Adams’s way of viewing the galaxy was so innately appealing to me that I came to adopt it as my own, meeting the universe with my own absurdity whenever possible but coupling that with a healthy degree of skepticism for the parts of its illogic that weren’t mostly harmless. This is how the Hitchhiker’s Guide taught me to be a grown-up, some combination of spinning things further and sillier and backing away slowly. It is still the mode in which I operate as an adult. It feels kind of similar to how many people operate on the Internet, which is perhaps not always the healthiest of all relationships to have with the world, but for me it was a short-term boon.

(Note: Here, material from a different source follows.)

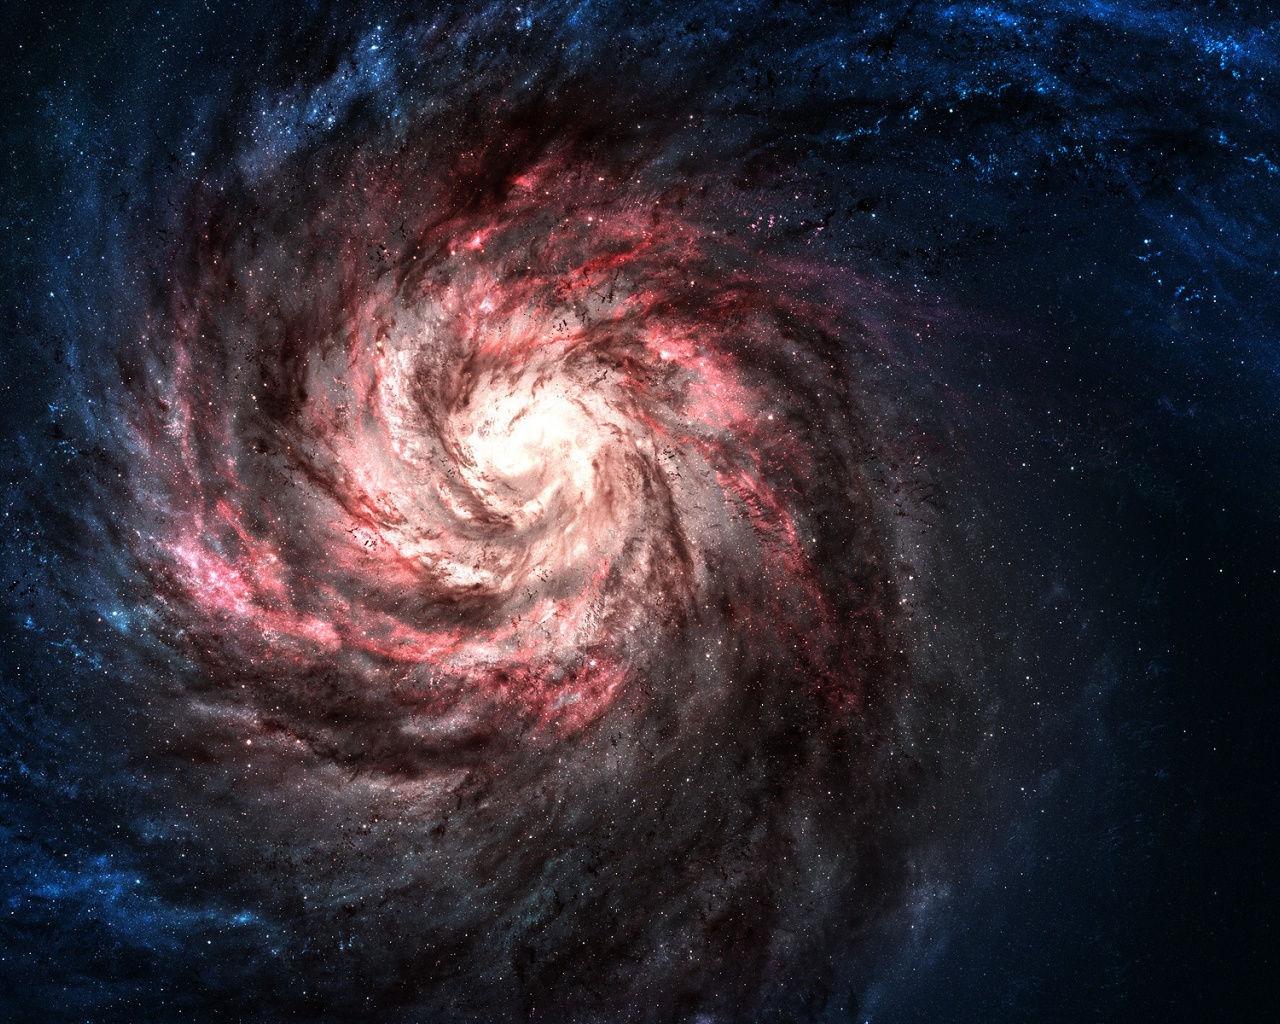 Space Galaxy 5

The humor and wit that made Adams’s story of the planet’s destruction popular around the world allowed his arguments to slip through unnoticed and slice the Gordian knot of my self-absorption. “If life is going to exist in a Universe of this size, then the one thing it cannot afford to have is a sense of proportion,” Adams writes in The Restaurant at the End of the Universe, but that’s exactly what he gave me. I received, if not total perspective, then at least a new and much-needed lighter one. He helped me find my own small, singular place in the universe.